Hi,
I have some sequence and want to split the sequence by the N base using python or biopython, but I have not good idea how to split it. The sequence like this:
#!/usr/bin/python2.7
from Bio import SeqIO
import getopt,sys,re
def usage():
print "Usage: split.py -i <input_scaffold_fasta> -o <output_contig_fasta>"
try:
options, remainder=getopt.getopt(sys.argv[1:], 'i:o:h')
except getopt.GetoptError as err:
print str(err)
usage()
sys.exit()
for opt, arg in options:
if opt in ('-i'):
input_file=arg
if opt in ('-h'):
usage()
sys.exit()
elif opt in ('-o'):
output_file=arg
out=open(output_file, 'w')
sequence = ''.join([str(record.seq).strip() for record in SeqIO.parse(input_file, "fasta")])
m=re.sub('[nN]+','\n',sequence).split('\n')
for i in range(0,len(m)):
out.write('>contig_'+str(i)+'\n')
out.write(m[i]+'\n')
Remember, you can accept multiple answers, as long as they provide valid solution to your top level problem.
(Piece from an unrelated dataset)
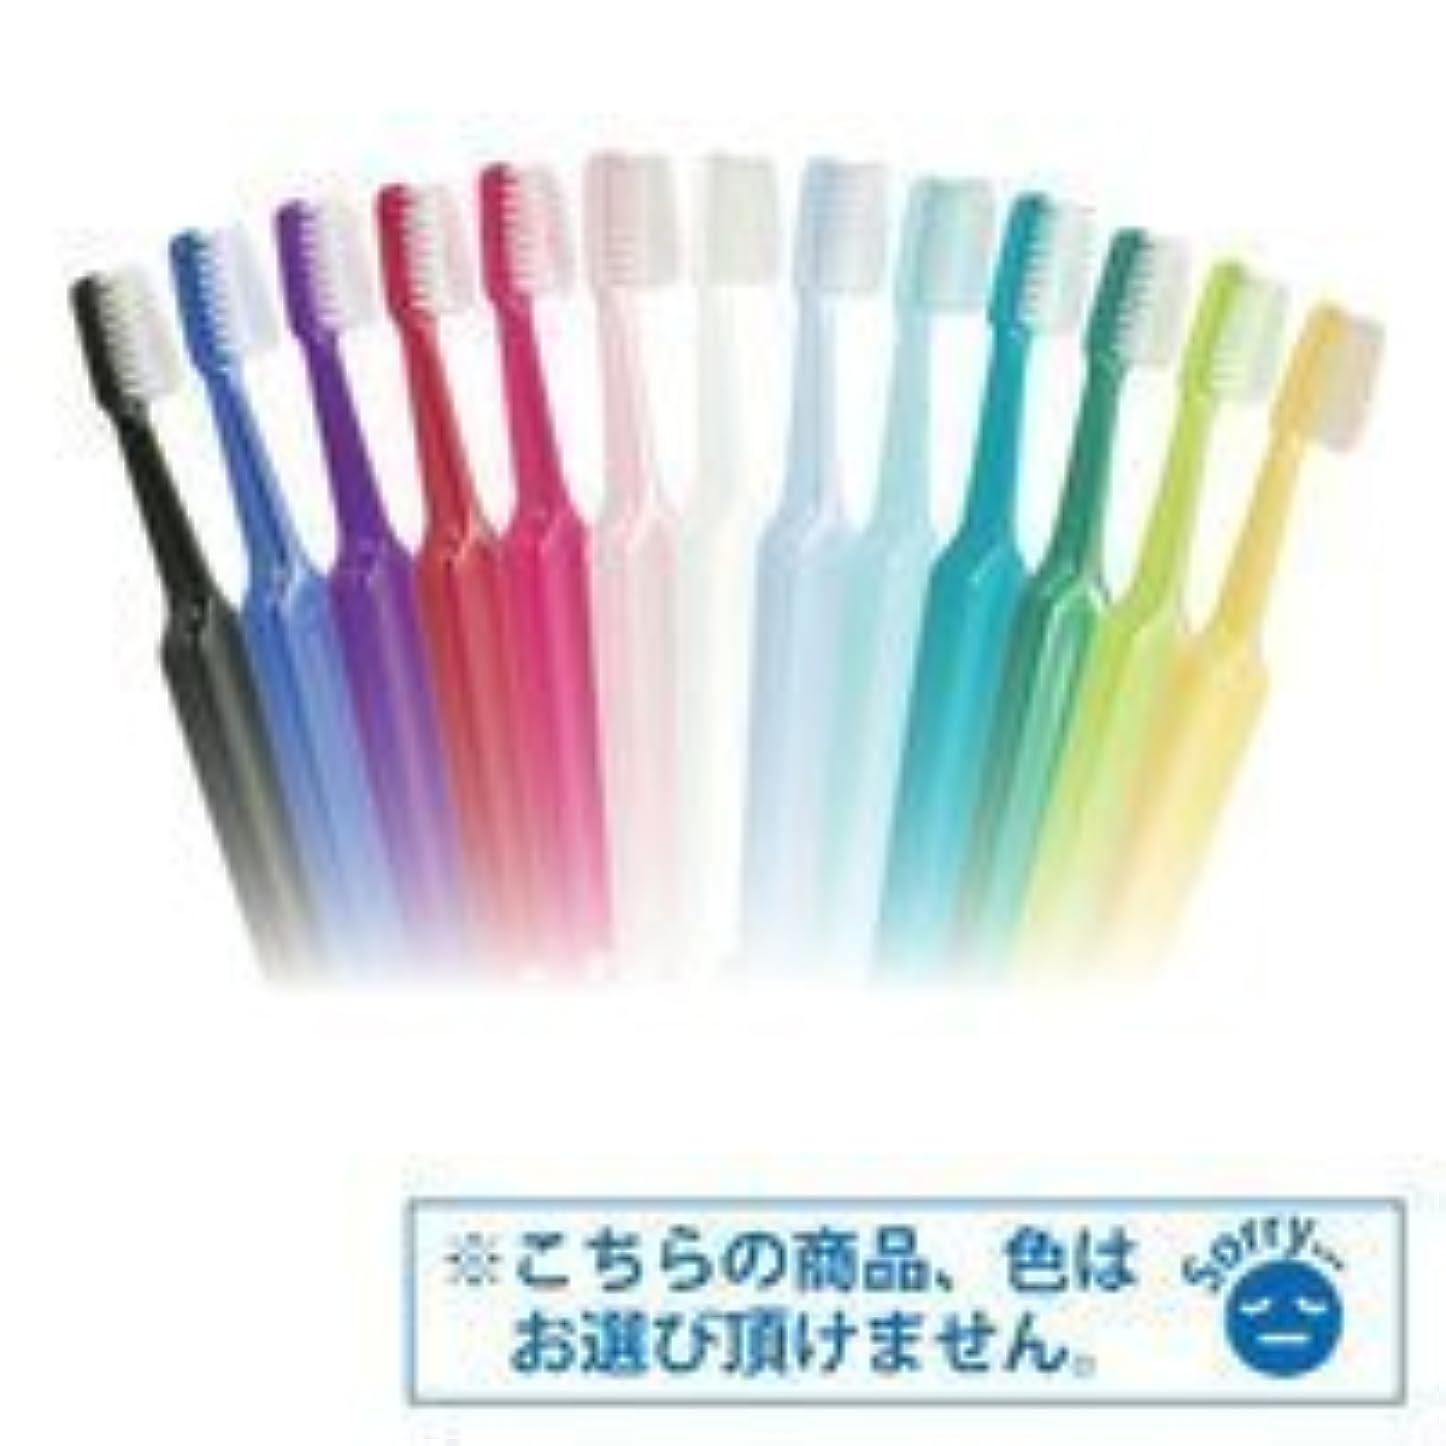 コンサルタントテント勉強するTepe歯ブラシ セレクトミニ/エクストラソフト 5本入り

Accepting an answer is your single most important contribution to the community, as it helps others that face the same problem you did.
Use bedtools to get compliment of Ns and bedtools getfasta to get fasta for the compliments (The genome file can be generated with samtools faidx and cut )
samtools faidx genome.fa; cut -f 1,2 genome.fa.fai > genome.genome
What do you want to happen when you reach 100 Ns in a row?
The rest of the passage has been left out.